First off, volatility is back, even if the VIX is not showing this to be the case. It is sitting around 14, more or less. It could be a bit higher, and that would make me feel better, but right now the number is irrelevant, other than it shows the market is not on the precipice.

  • Japanese stocks regained their footing today after a number of sessions of volatility

The Nikkei is all over the map, as are the US markets, which makes “the market” quite unpredictable.

  • Stocks opened higher on Tuesday as supportive comments from central banks around the world reassured investors that monetary policies designed to support the global economy would remain in place.

The Dow opened with a bang this morning, climbing higher above 200 and is now lower, but still solidly in the green. Is this movement about the global central banks or are there other reasons?

  • The Conference Board’s Consumer Confidence Index, hit a five-year high in May. The index was reported at 76.2, which was well above the consensus expectation for a reading of 71.7, and also above last month’s revised reading of 68.1.
  • At least seven states other than California — among them Connecticut, Utah and Wisconsin — have reported budget surpluses in recent weeks …
  • U.S. home prices jumped 10.9 percent in March compared with a year ago, as a growing number of buyers bid on a tight supply of homes, driving prices higher.

The latter is both good news and bad, as I wrote about the other day, but the other two are solid reasons for the market to bounce higher.

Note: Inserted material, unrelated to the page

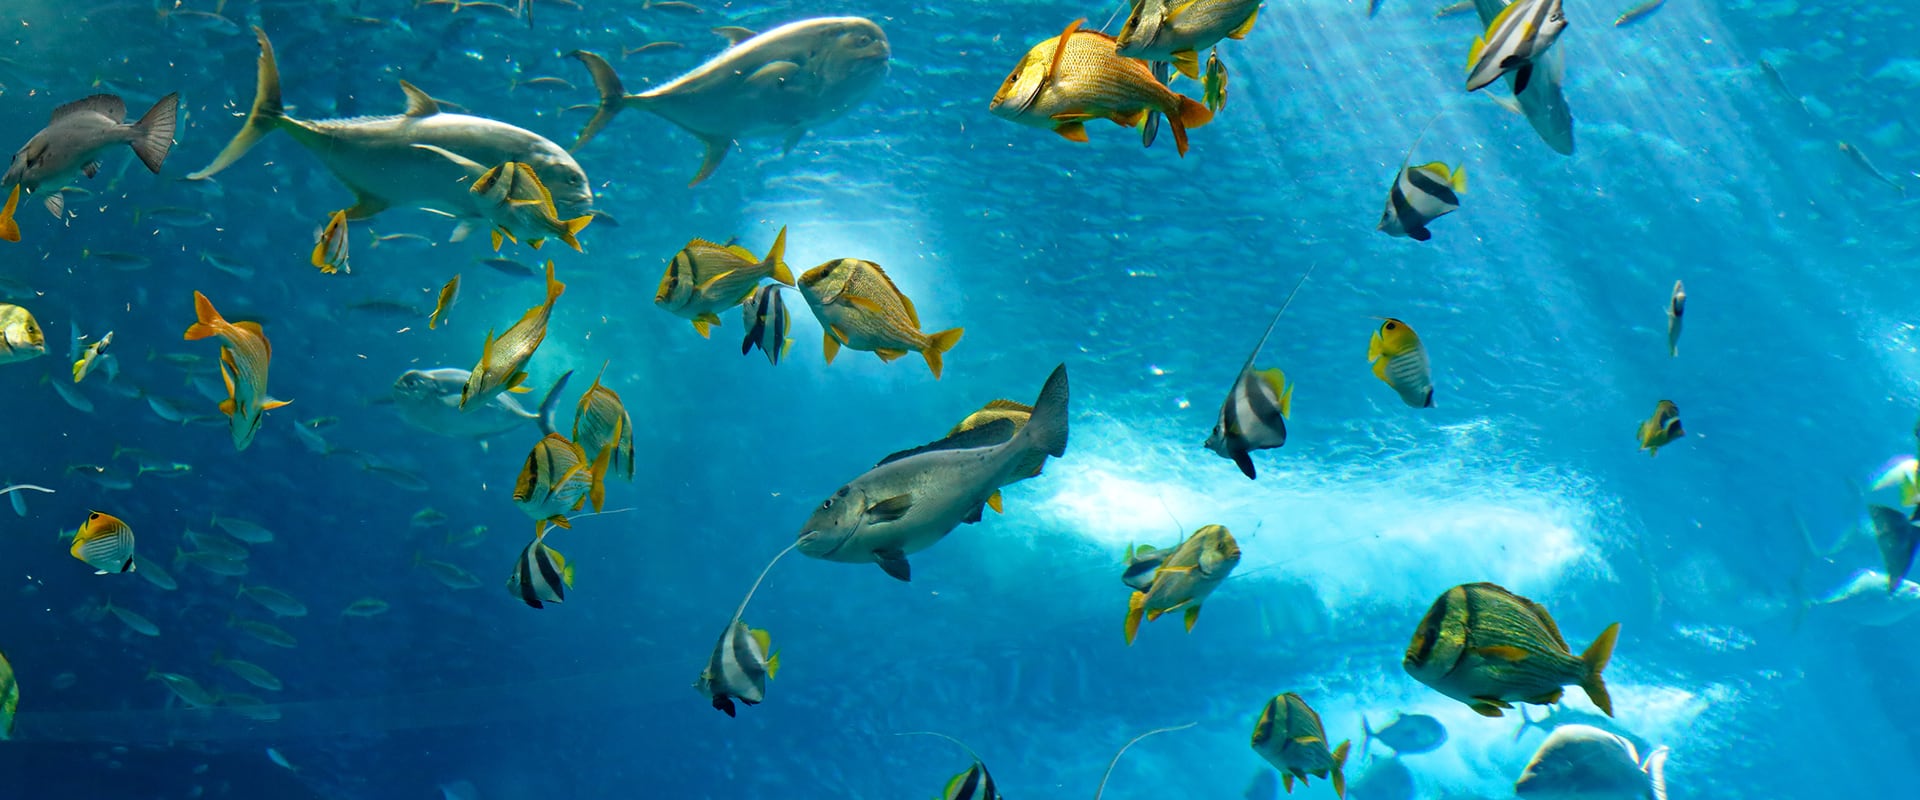 2 Crociere subacquee in Cuba - LiveAboard.com

The fact that the big economic states are turning the corner on their serious debt issues speaks to what I have been saying for some time – the US economy is building toward a major expansion. Consider this – if ranked globally, California would be the 8th largest economy in the world. Now that is adding some punch to a US economy that has been growing slowly for over four years. And let us not forget …

  • The United States posted its biggest monthly budget surplus in five years in April.

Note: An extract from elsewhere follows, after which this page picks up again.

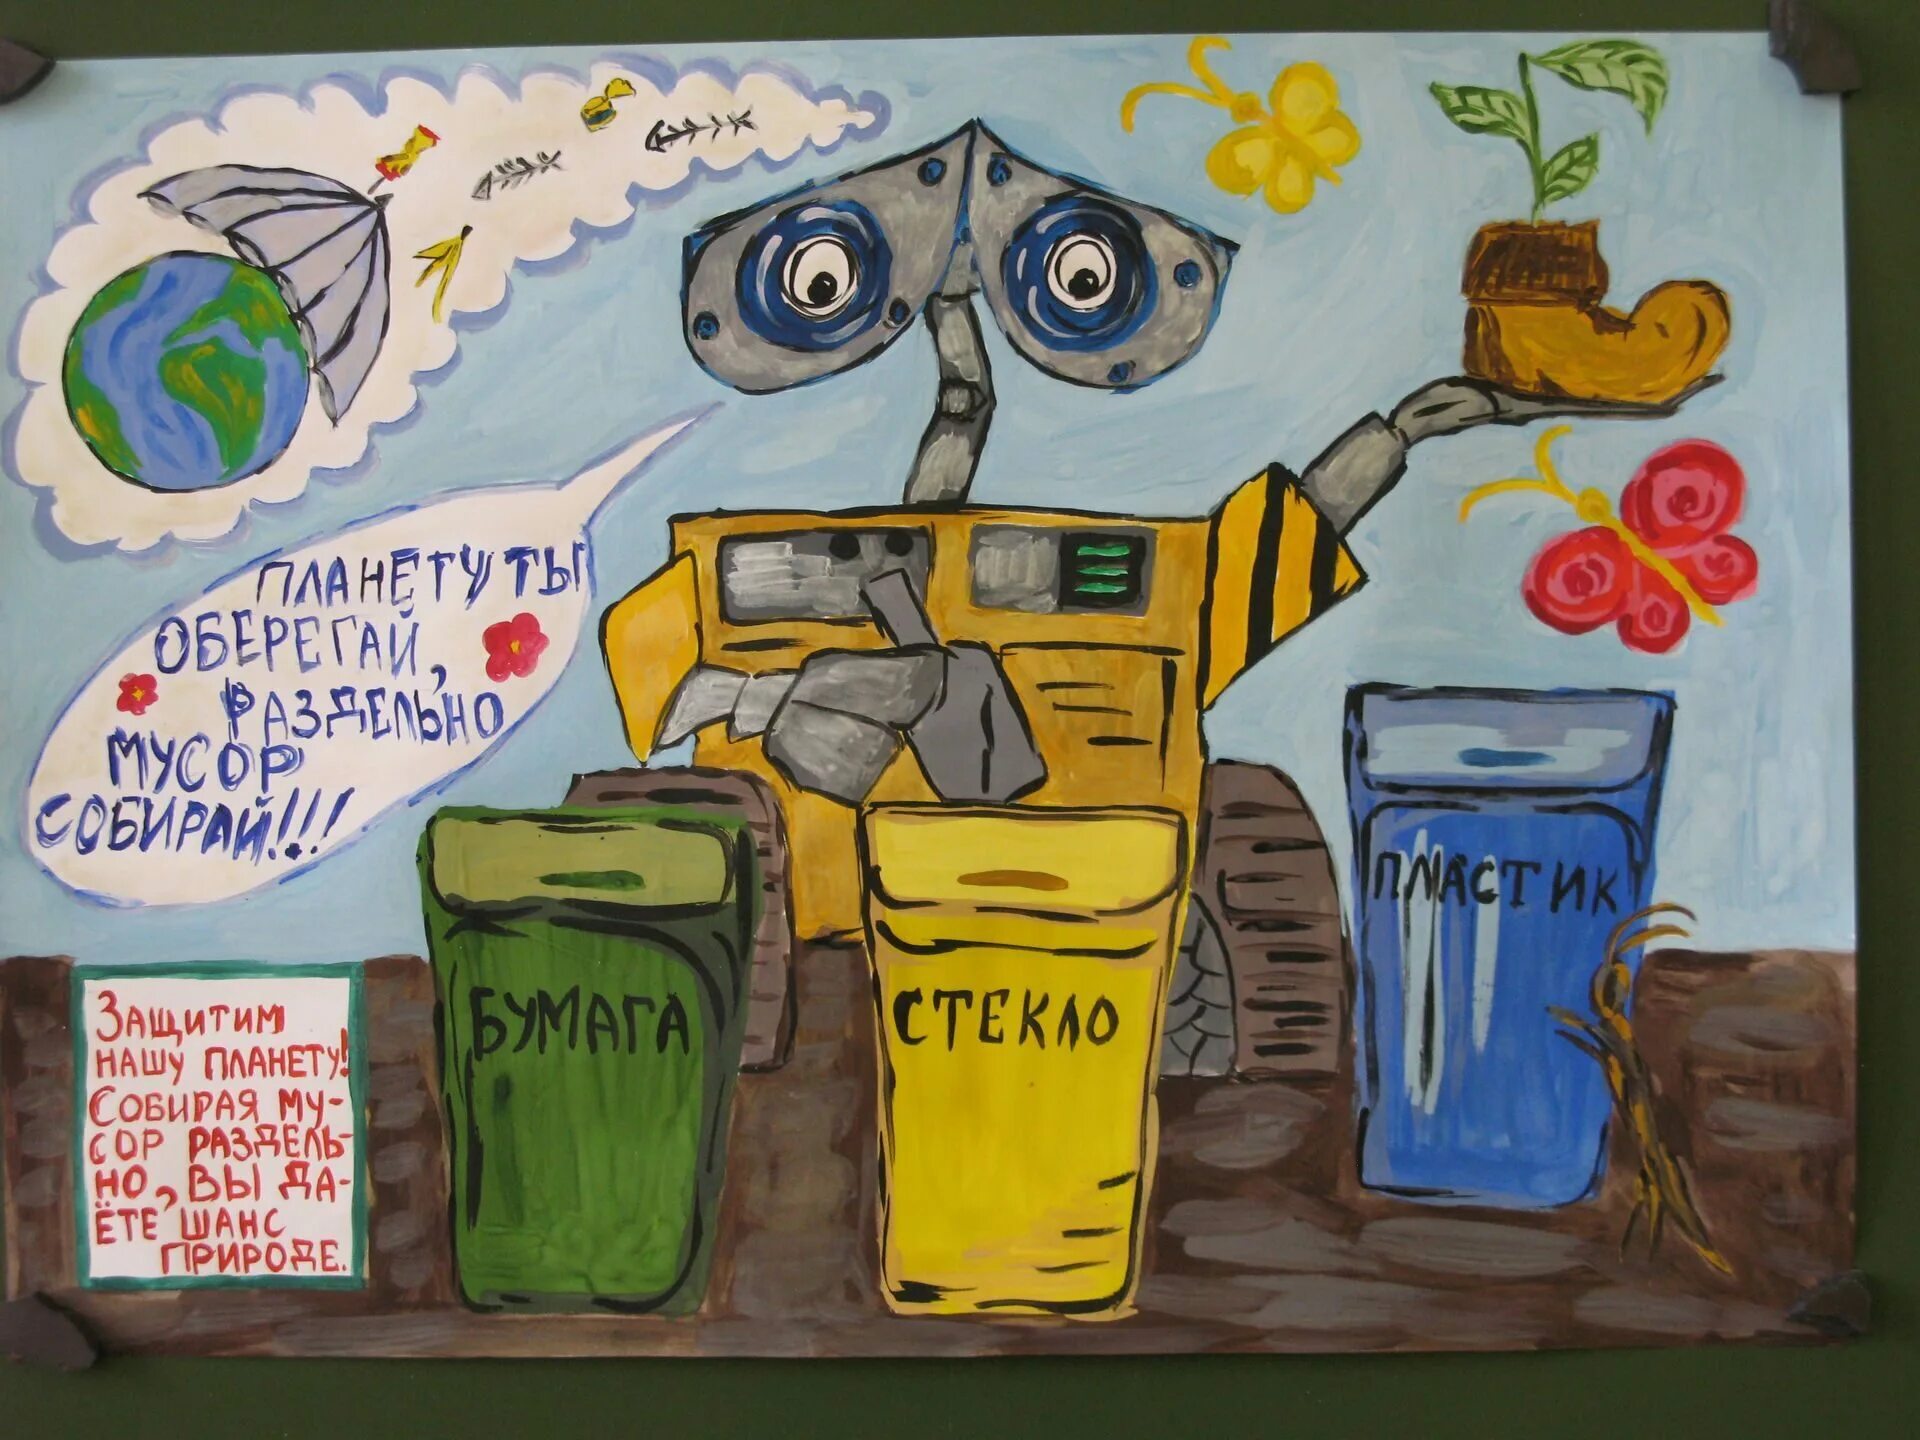 Плакат экология рисунок. Экологический плакат. Плакат на экологическую тему. Утилизация отходов плакат.

Now, I hope the federal government does not go wild with the revenue change, but the reality is pressure will build to spend some of that money and that means a slight reversal of the job-cutting trend that has marked the Obama Presidency. As well, it will create private sector jobs as the US government begins repairing the US infrastructure, which it will because that means spending in republican districts, as well as democratic districts. All of this means a market that will continue to trend upward for a long time.

Yet, the US is one thing and Japan and China are another. Japan is poised to turn the corner economically, but the jury is still out on whether its spending splurge will work. Me thinks it will, and I am not alone.

  • Japan’s economy grew at an annual rate of 3.5% in the first three months of 2013, Japan’s Cabinet Office said Thursday. The expansion was much quicker than the 2.7% increase expected by analysts.

Heck, that GDP growth is better than the US and just about half of the hottest economy around – China. There is some counter-intuitive news on that front as well, and it speaks to more stable global economic growth.

  • China prepares world for lower growth. Chinese Premier Li Keqiang has added to the campaign to get the world used to slower economic expansion in China as it embarks on reform, saying the country needs an annual expansion of 7% in order to double per capita GDP by 2020.

It is good news that China is purposefully slowing it growth for many reasons, but the fact remains it will still grow faster than any other of the big three economies. In this context, consider the following. Although it will be tough for China to double its per-capita growth in seven years, it will still be a much bigger economy no matter. And if Japan grows at 3% for those same seven years, it too will be a bigger economy and if the US only grows at 2%, the world economy will be much, much bigger. Now, throw in the largest economy on the planet (the EU) growing at 1% for the same period, and you have lots and lots of growth, the one thing the market likes almost as much as bigger earnings.

Bottom line? No matter how much the market bounces around day-to-day because of global central bank policy, in the end, it is the global economy that matters more.